What happens to JBS, Tyson, Cargill, and Hormel?
They remain defendants in active litigation. The settlements with Perdue, Seaboard, Triumph, and WMS provide plaintiffs with additional resources and cooperation to pursue the remaining defendants. The settling defendants are required to produce employees as witnesses, authenticate documents, and provide data on class members. This information will be used to build the case against JBS, Tyson, Cargill, Hormel, Smithfield, and others. The largest companies in the industry have not paid a cent toward the workers they allegedly harmed. Full accountability requires continued litigation and public pressure.
What can I do to prevent this from happening again?
There are concrete actions you can take right now.

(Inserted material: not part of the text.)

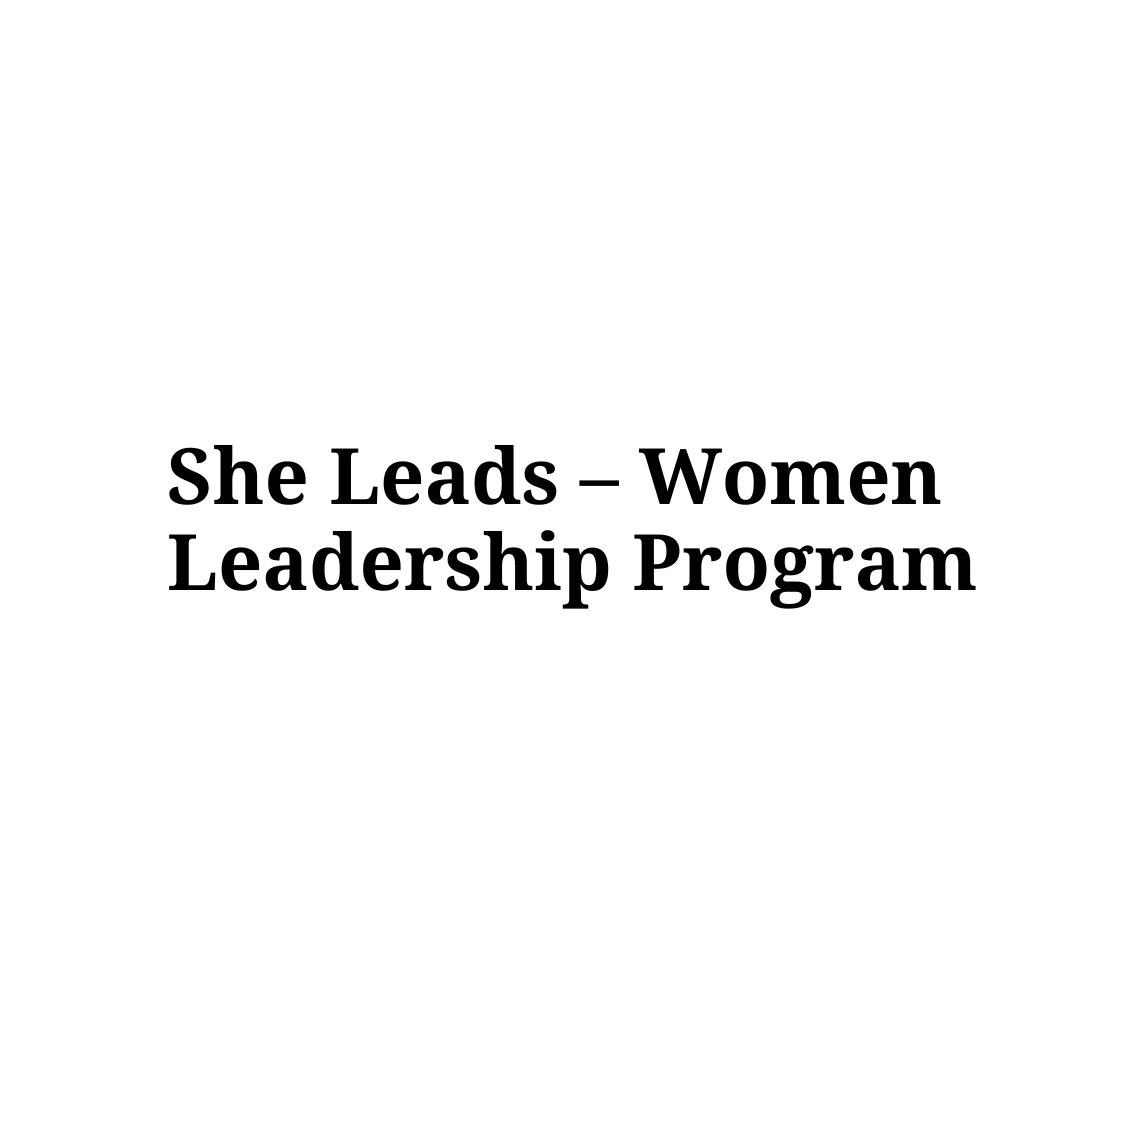 She Leads – Women Leadership Program

Support stronger antitrust enforcement: contact your congressional representatives and urge them to pass legislation strengthening the DOJ’s and FTC’s authority to investigate wage-fixing in concentrated industries, including expanding criminal prosecution of wage-fixing conspiracies (which became a DOJ priority only recently). Support workers’ rights organizations that serve meatpacking communities, such as the Government Accountability Project, the Food Chain Workers Alliance, and local unions. Buy from smaller, independent processors where labor practices are more transparent. When you see consolidation in the food industry framed as “efficiency,” recognize it as the structural precondition for the kind of market power that enables wage suppression. And if you or someone you know worked in a meatpacking plant between 2000 and today, contact the class counsel (Cohen Milstein Sellers and Toll, Hagens Berman, or Handley Farah and Anderson) to understand your rights as a potential class member.